Synchronization Asymmetry

Hemispheric mean synchronization asymmetry in the θ and α bands showed statistically significant differences between responders and non-responders in the OFF (ANOVA, p=0.01) and ON (ANOVA, p=0.002) conditions. In the θ band, mean hemispheric synchronization asymmetry (Equation 8) showed a statistically significant difference between responders and non-responders in the ON condition (p=0.03, corrected for multiple comparisons). Although the OFF condition showed a similar trend, it did not reach statistical significance (Figure 4a). Healthy controls showed a trend similar to responders but opposite to non-responders, although the result did not reach statistical significance (Figure 4b).
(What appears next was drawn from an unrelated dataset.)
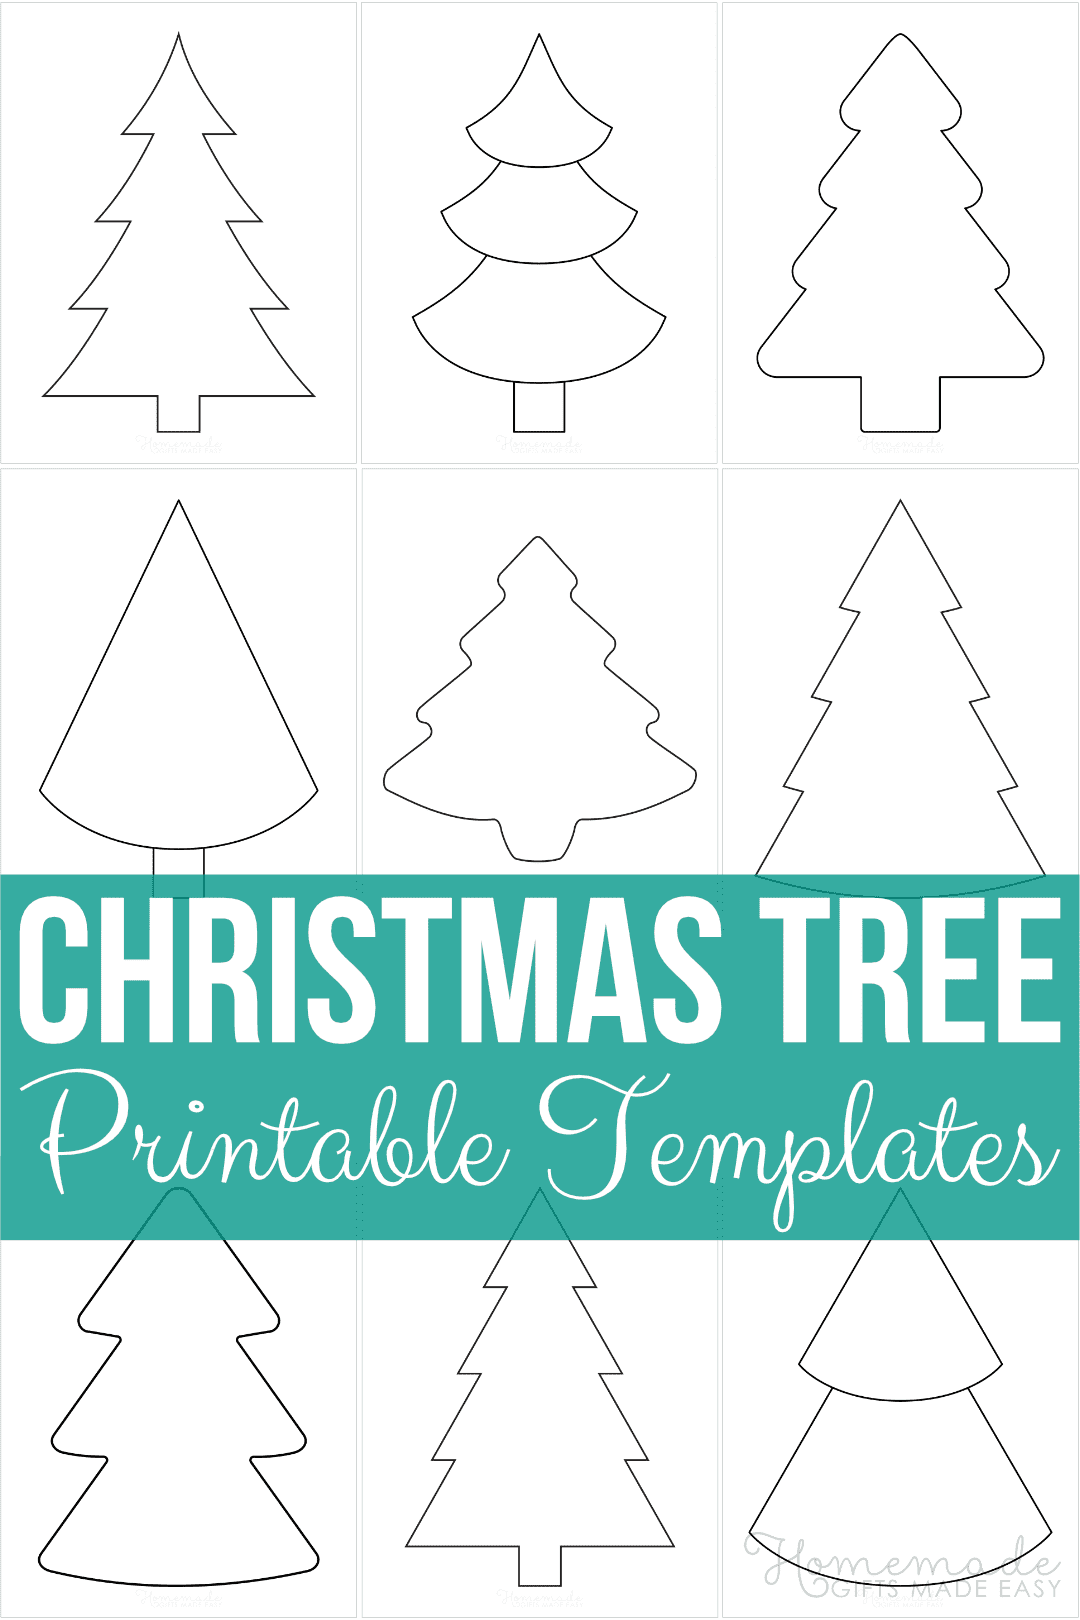 Christmas Tree Templates Free Printable

Mean hemispheric synchronization in the α band did not reach statistical significance.

Figure 4
figure 4

(a) Group-averaged hemispheric synchronization asymmetry in the θ band with the DBS electrodes OFF (left) and ON (right) for the R (response) and NR (no-response) groups as labeled on the plots. (b) Same as panel a, where DBS stimulation is turned off in the patient group with healthy controls (HC) added to the plot. Asterisks indicates p<0.05 on a Kruskal–Wallis test. (c) EEG channel configuration used to calculate synchronization asymmetry for frontal and parietal regions. LF, left frontal; LP, left parietal; RF, right frontal; RP, right parietal.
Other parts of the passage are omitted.